Information provided =
____________

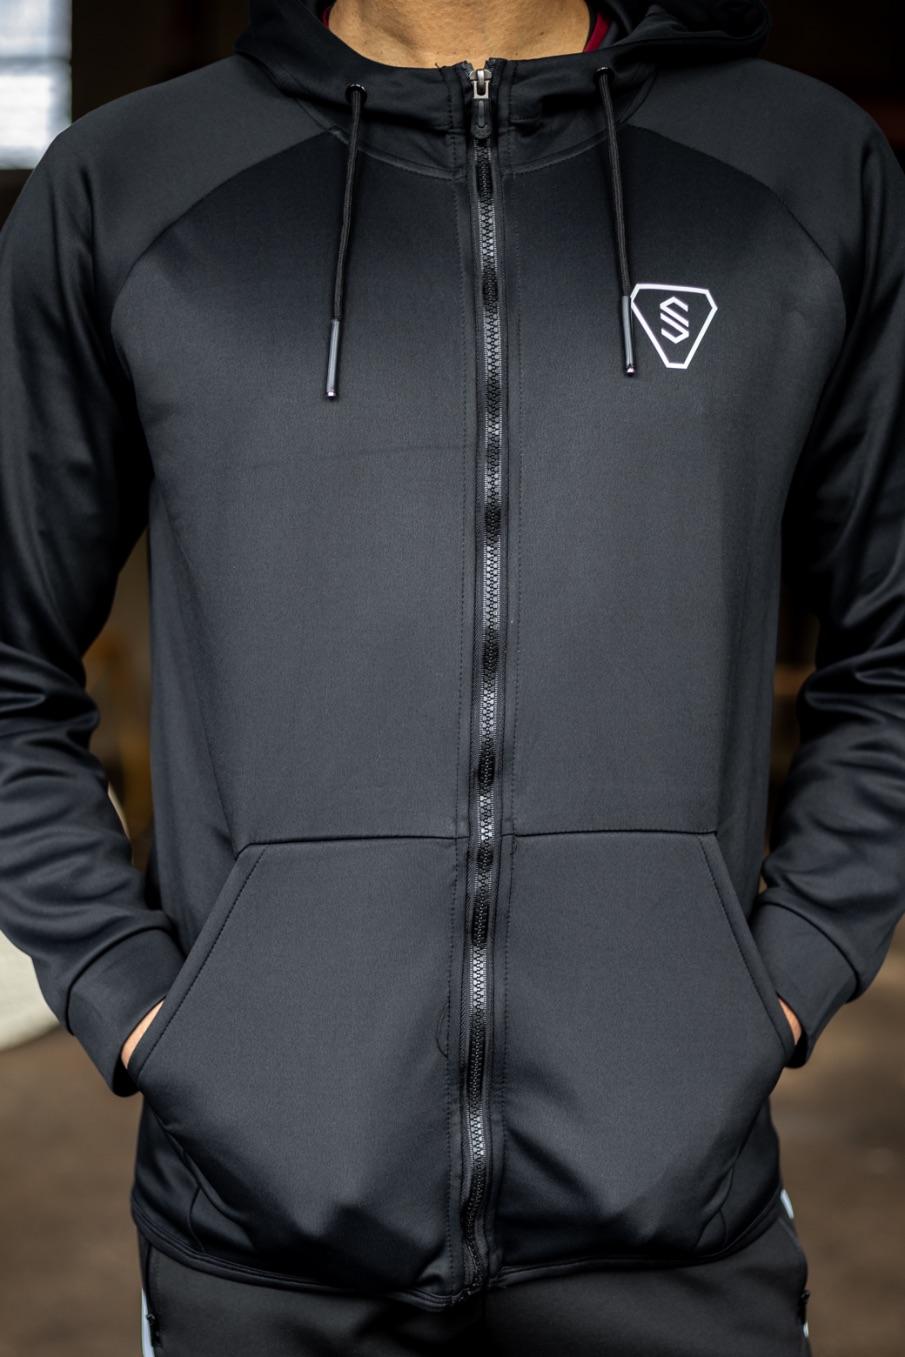 Heren vest dry fit zwart en grijs met capuchon hoodie
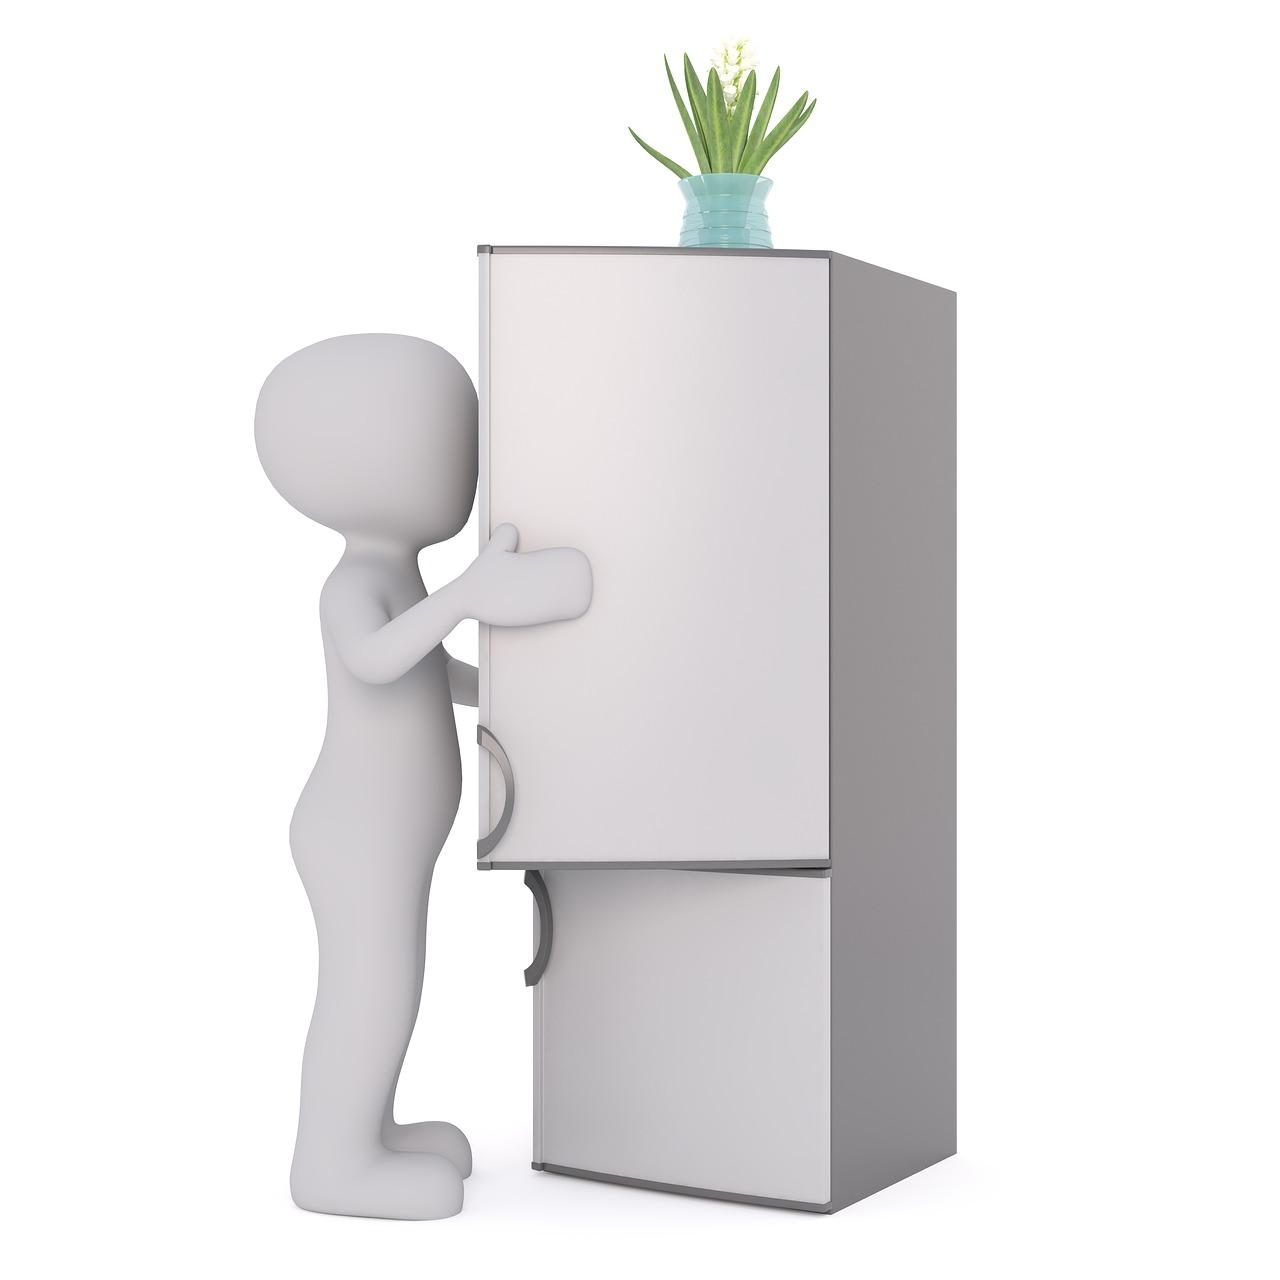 冷蔵庫を運ぶ。
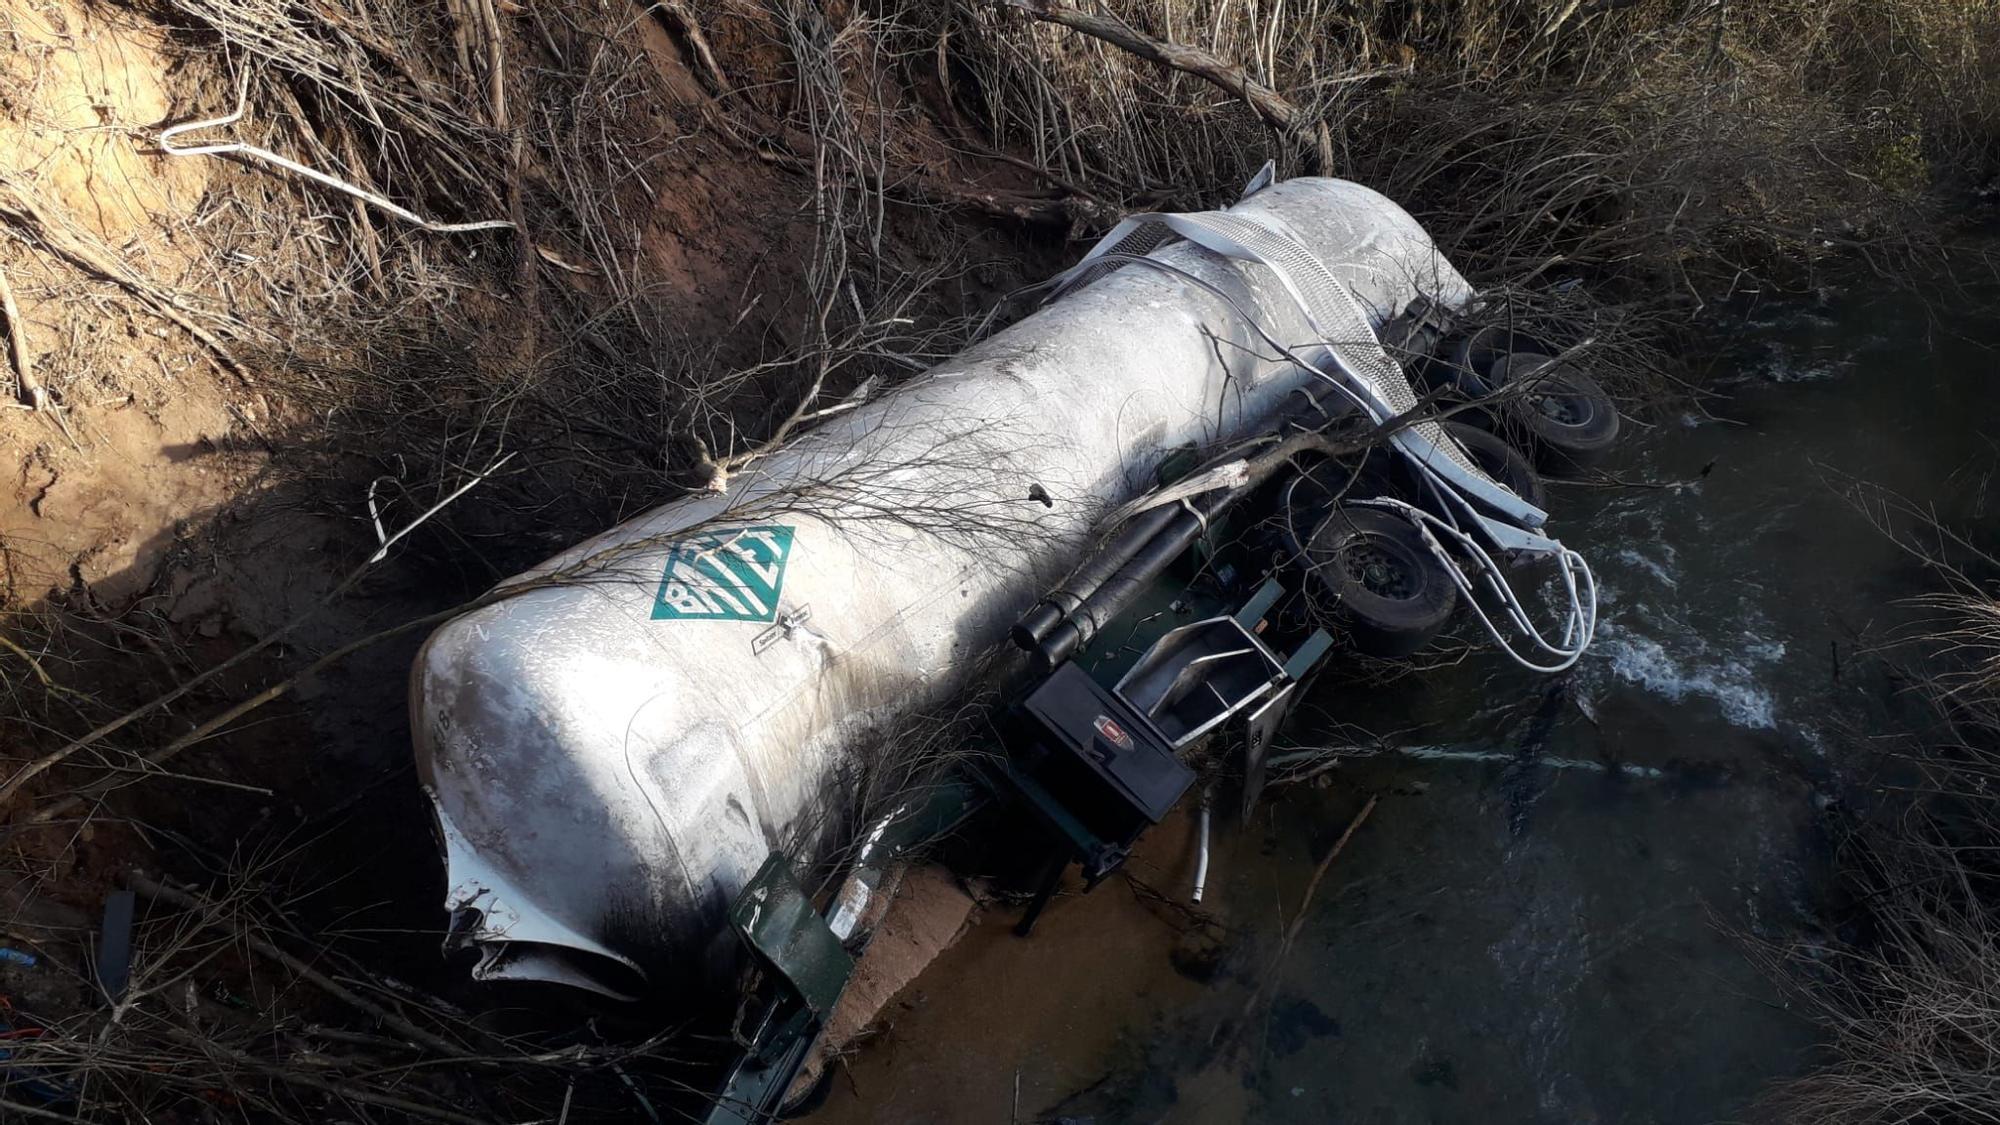 Un camión cargado de harina cae de un puente en Castielfabib y provoca un gran estruendo

____________

No pictures belong in the copy. Repeat the listing above exactly.

 Heren vest dry fit zwart en grijs met capuchon hoodie
 冷蔵庫を運ぶ。
 Un camión cargado de harina cae de un puente en Castielfabib y provoca un gran estruendo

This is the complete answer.